Ukrainian soldiers said they agree the training opportunity offers a unique opportunity to bolster relationships across borders.

“It’s a very good experience for us to train with Americans and Romanians, and it’s very important to us,” said Ukrainian Army 1st Lt. Aleksander Yasko, a combat training and planning instructor with the 30th Mechanized Infantry Brigade. “We have already learned new techniques we can use when preparing soldiers for combat.

“All of this is very interesting and new for us. We look forward to continuing to build this friendship,” he added.

Since arriving in Romania, the Marines and Sailors of scout platoon have spent the majority of their deployment at Babadag Training Area, and some said they think of Babadag’s pastoral, rolling hills as a home away from home.

“It’s been exciting experiencing the Eastern European culture,” said Lance Cpl. Ryan Hazlitt, an assaultman with scout platoon, H and S Co., 1st Tank Bn. “It’s a pleasant change of scenery from our desert in Twentynine Palms, Calif., but I do miss the comforts of home.”

The Marines have spent the past six weeks working in the Black Sea, Balkan and Caucasus regions to promote regional stability, build enduring partnerships and build partner nations’ military capabilities. The Security Cooperation Marine Air-Ground Task Force is Marine Corps Forces Europe’s commitment to a rotating presence of Marines in Eastern Europe to meet U.S. European Command’s theater security cooperation objectives.

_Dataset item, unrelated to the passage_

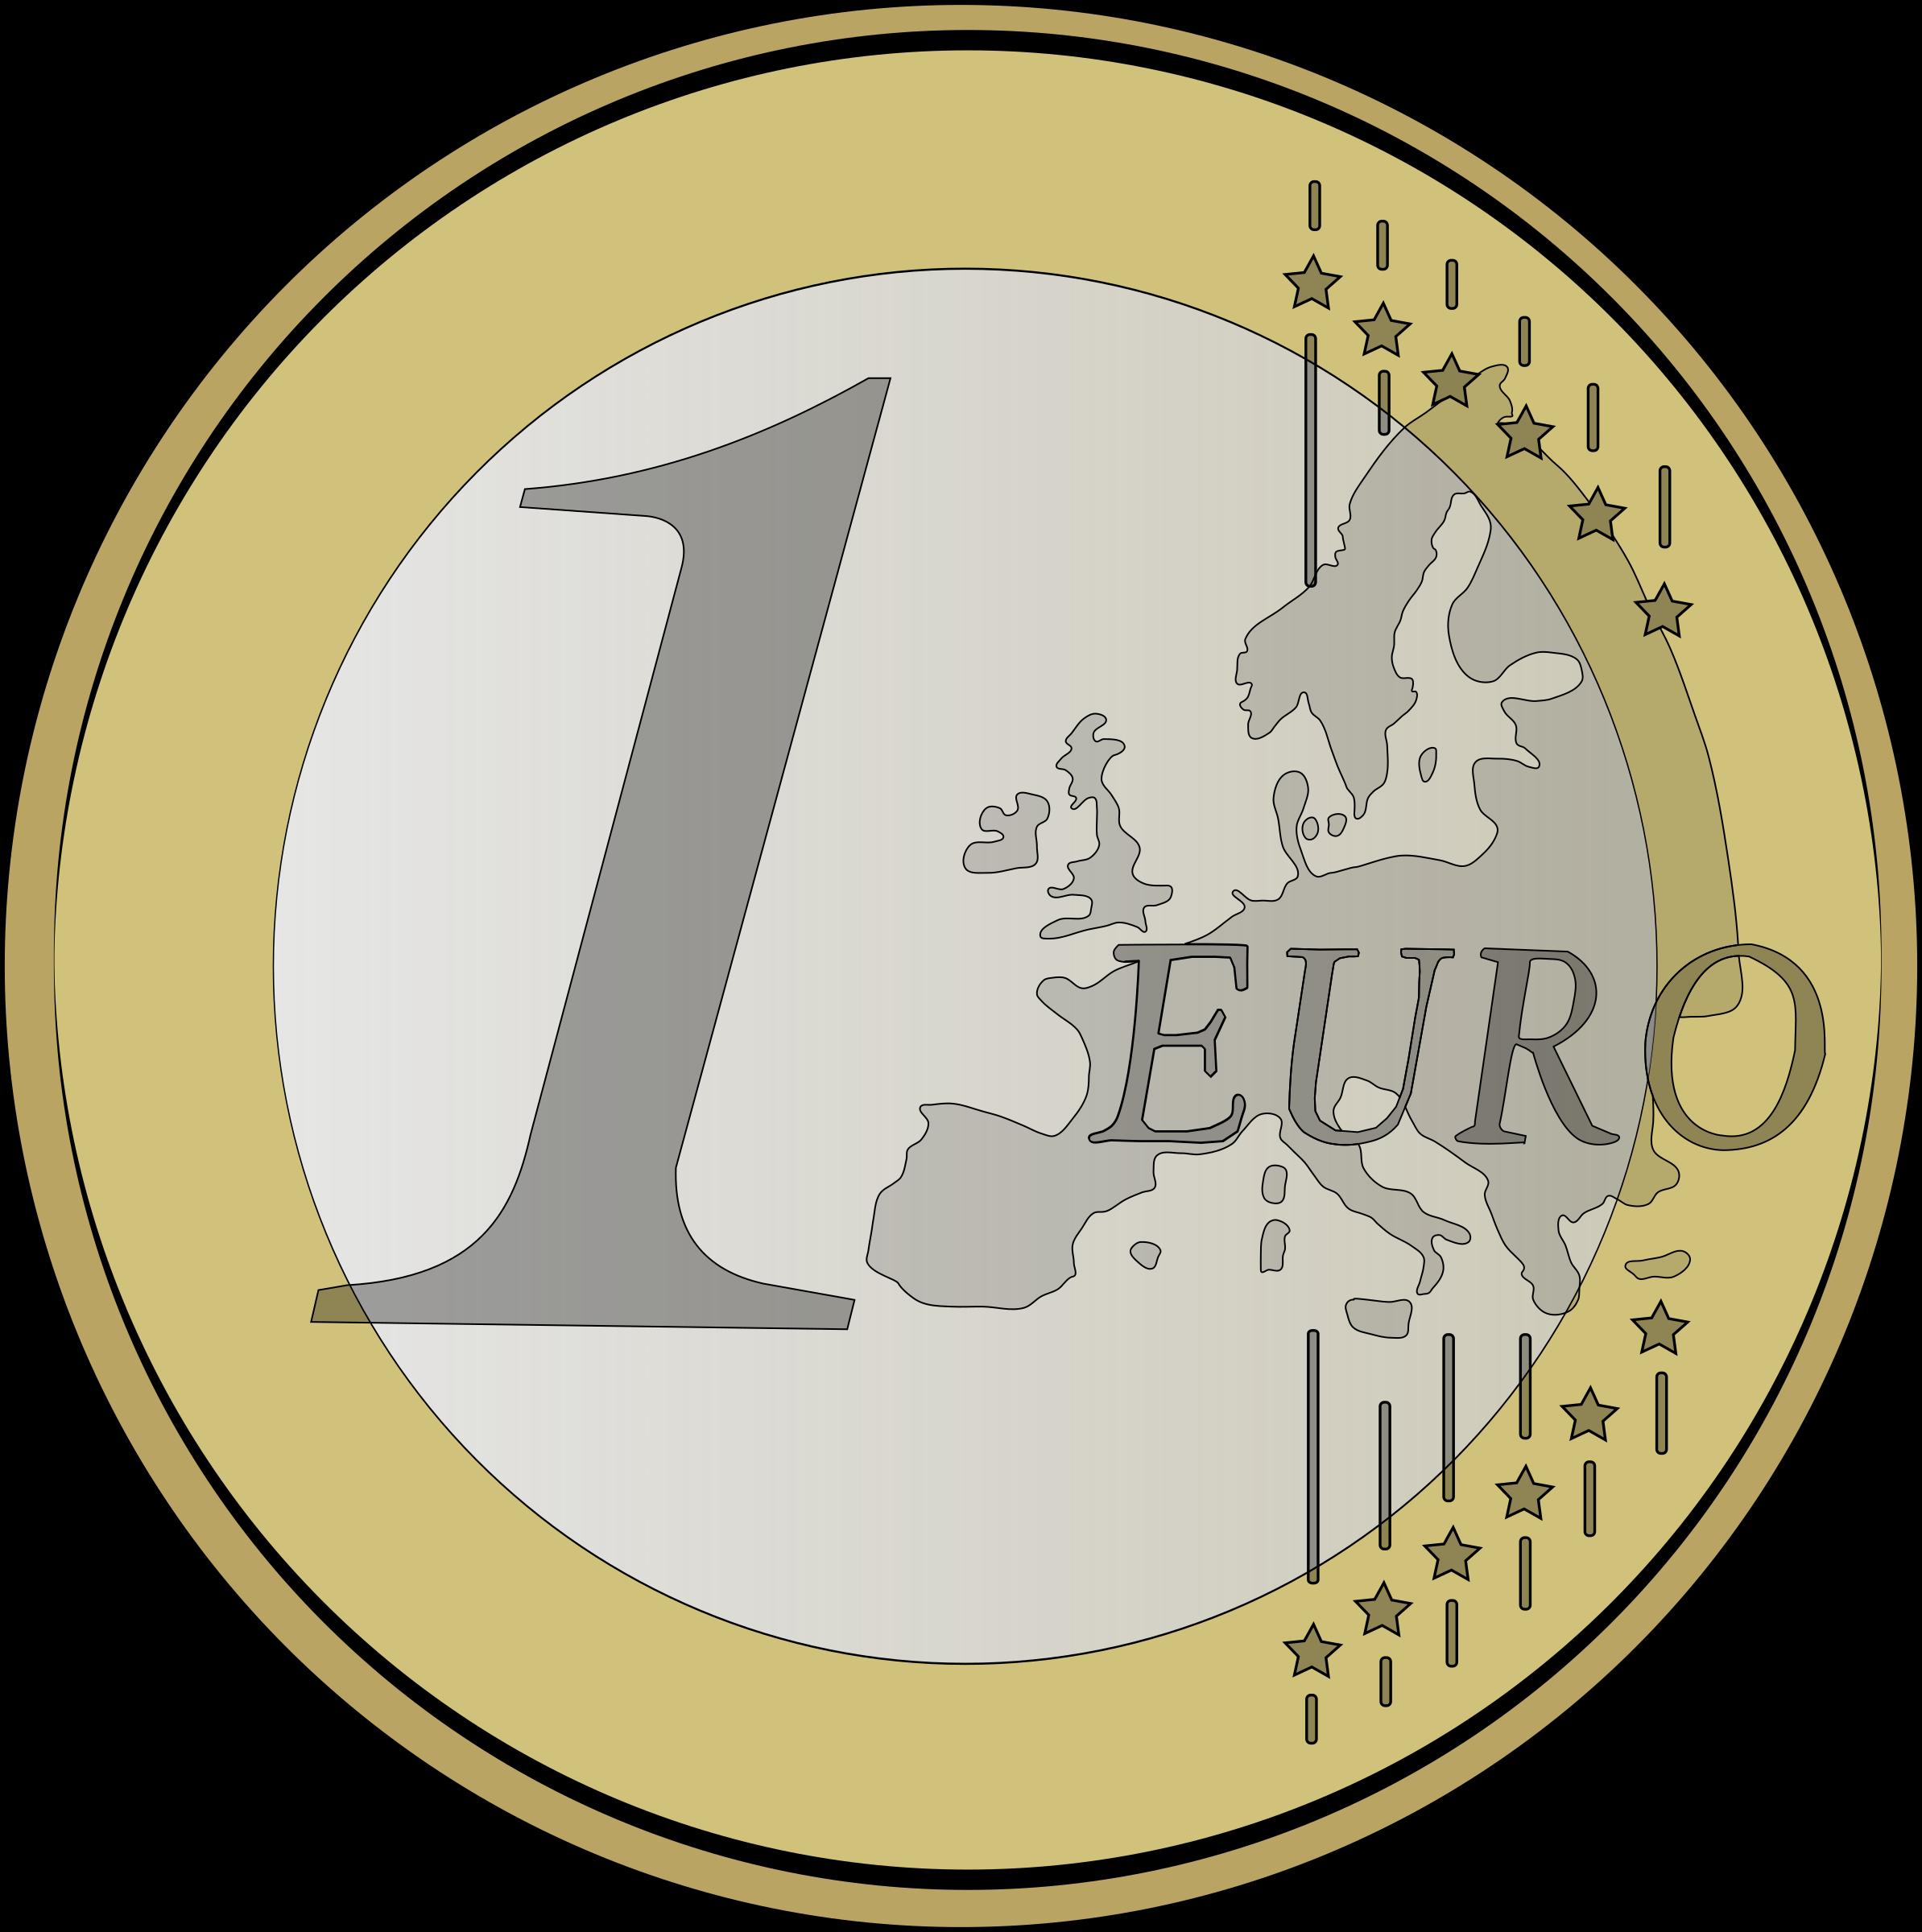 Entrée en vigueur de l'euro en 1999 et remontée du taux de change

“We’ve had a good time here,” said Hazlitt, a native of Brownwood, Texas. “We’ve had the chance to meet several unique people and build strong bonds at the same time.

“I think we’ll be able to walk away from this deployment with a great sense of satisfaction and a new group of friends,” he added.

The peacekeeping operations training for U.S, Romanian and Ukrainian troops is slated to run through June 24 and will mark the end of the Black Sea Rotational Force’s training at Babadag. Scout platoon is next slated to report to Novo Selo, Bulgaria, in late June to train alongside Bulgarian forces in the final peacekeeping operation training course of the deployment.